Interessant an der Stelle ist, das dass Spiel wohl gleich mit DirectX12 Unterstützung daherkommt und dem Vergleichsweise geringen Speicherplatzverbrauch und ich glaube ich habe bis dato noch nie einen Opteron Prozessor in irgendeiner Systemanforderung für ein Spiel gesehen, dabei handelt es sich immerhin um eine alte Piledriver Server CPU von AMD mit 8 Kernen, 8 Threads und 2,3 GHz.



Meine Meinung:
Bin gespannt drauf was Amazon Games da entwickelt hat, ich hatte gehofft mal zwischendurch schon in die Alpha reinsehen zu können, aber ich hatte wohl kein Glück und ehrlich gesagt habe ich nicht gedacht das dass Spiel über Steam erscheinen wird.

Der Preis wundert mich allerdings, da frage ich mich ob es, wie so oft, wieder Mikrotransaktionen gibt und wie sich das Spiel überhaupt finanziert, leider ist die Amazon Seite an der Stelle recht dürftig, kann mir nicht vorstellen das dass ein "One time Purchase" wie damals bspw.

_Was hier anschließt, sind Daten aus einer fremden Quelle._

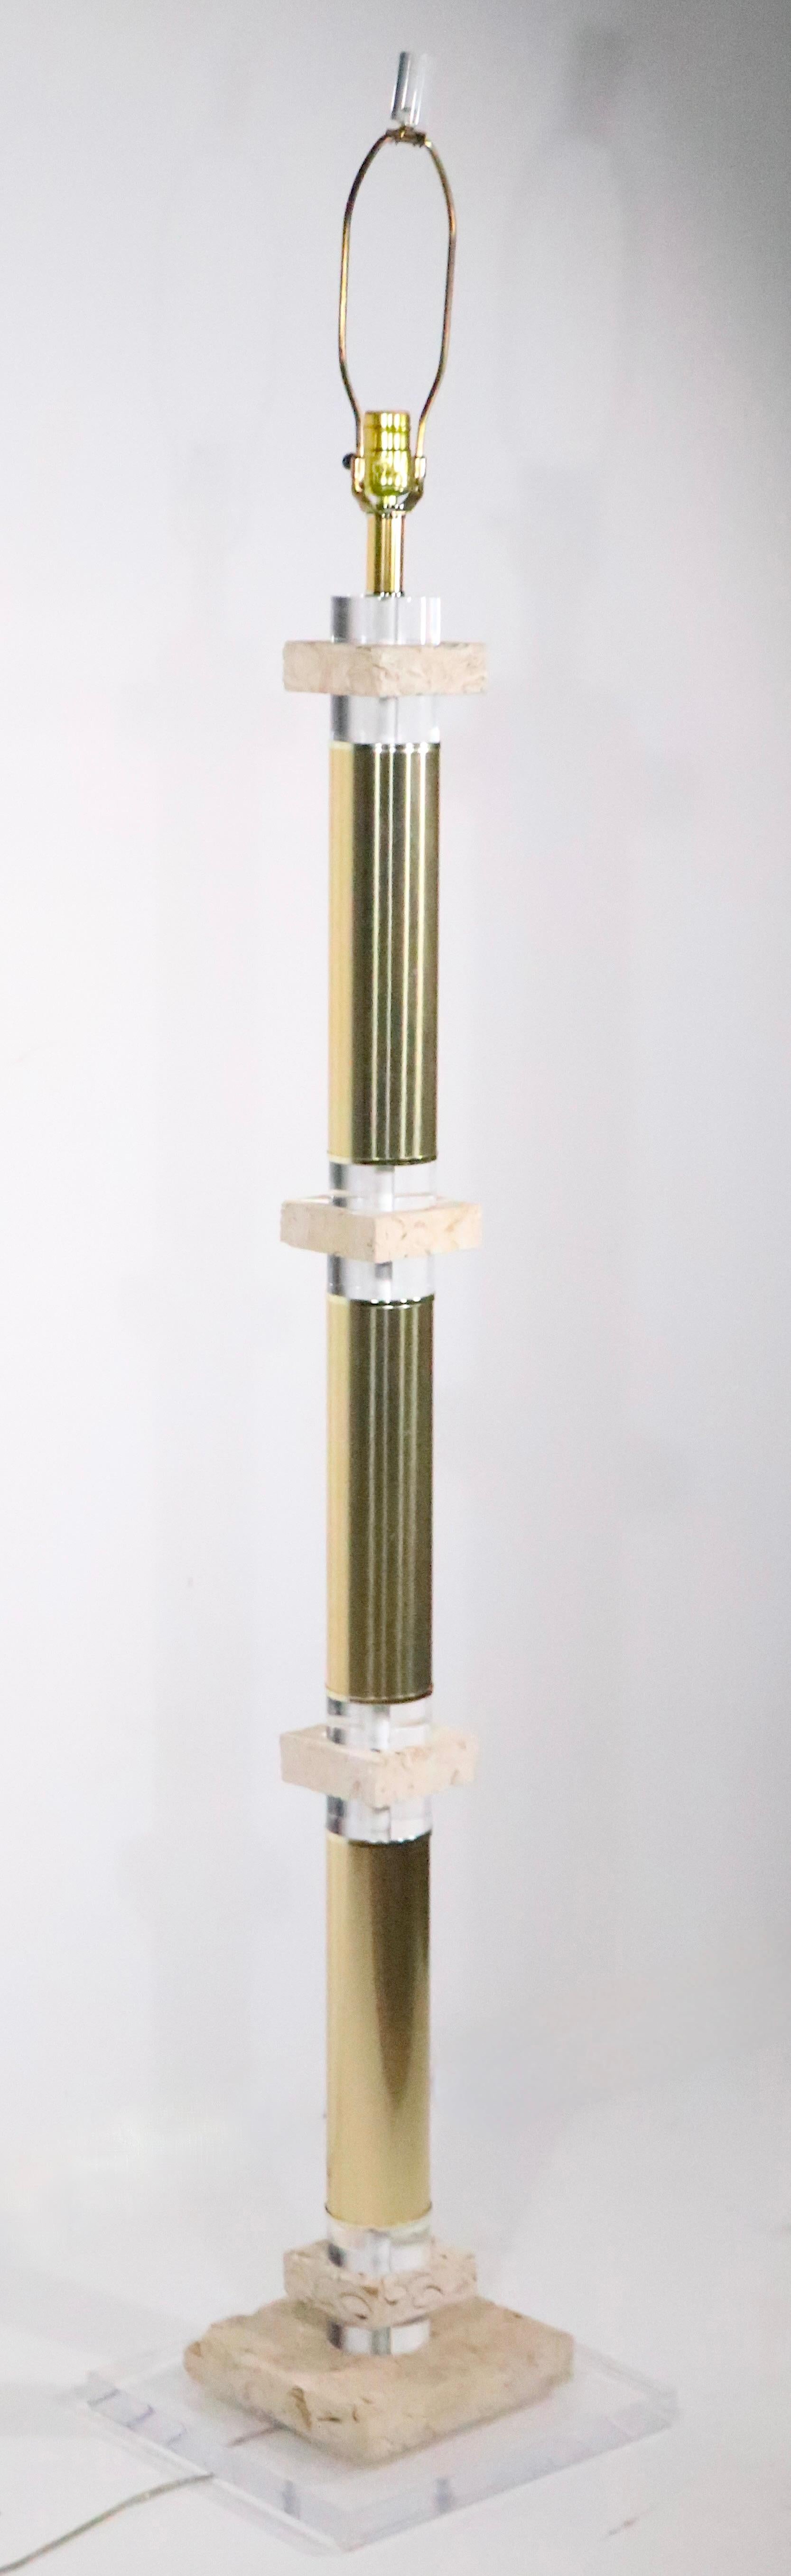 Außergewöhnliche Stehlampe im Hollywood-Florida-Regency-Stil aus röhrenförmigem Messing mit Abstandshaltern aus gegossenem Lucit und versteinertem Stein. Die Lampe ist in sehr gutem, originalem, funktionierendem Zustand,  sauberer und

Guild Wars 1 wird.


----------



## WoNkA253 (13. Dezember 2019)

Jeretxxo schrieb:


> Der Preis wundert mich allerdings, da frage ich mich ob es, wie so oft, wieder Mikrotransaktionen gibt und wie sich das Spiel überhaupt finanziert, leider ist die Amazon Seite an der Stelle recht dürftig, kann mir nicht vorstellen das dass ein "One time Purchase" wie damals bspw. Guild Wars 1 wird.



Ich meine gelesen zu haben, dass hier dann MTX kommen sollen allerdings nur für kosmetische Items.


----------



## Sonmace (18. Dezember 2019)

Wenn man von Trailer ausgeht, kann die Qualität der Blizzard Trailer bei weitem nicht erreicht werden ich hoffe nur das sich das nicht auf das gesamte spiel spiegelt


----------



## RyzA (20. Dezember 2019)

Schade das der MP hier im Vordergrund steht.
Sonst würde es mich interessieren.


----------



## Desrupt0r (20. Dezember 2019)

RyzA schrieb:


> Schade das der MP hier im Vordergrund steht.
> Sonst würde es mich interessieren.



Mit MP meinst du Multiplayer? Finde ich auf jeden Fall auch Schade das in einem MMORPG der Multiplayer im Fokus spielt!  

@Topic Freue mich drauf, könnte nach langer langer Zeit ohne MMOs mal wieder etwas für mich sein.


----------



## RyzA (20. Dezember 2019)

Desrupt0r schrieb:


> Mit MP meinst du Multiplayer? Finde ich auf jeden Fall auch Schade das in einem MMORPG der Multiplayer im Fokus spielt!


Ja das finde ich generell schade.

Ansonsten finde ich Open World und die Lumberyard Engine interessant.


----------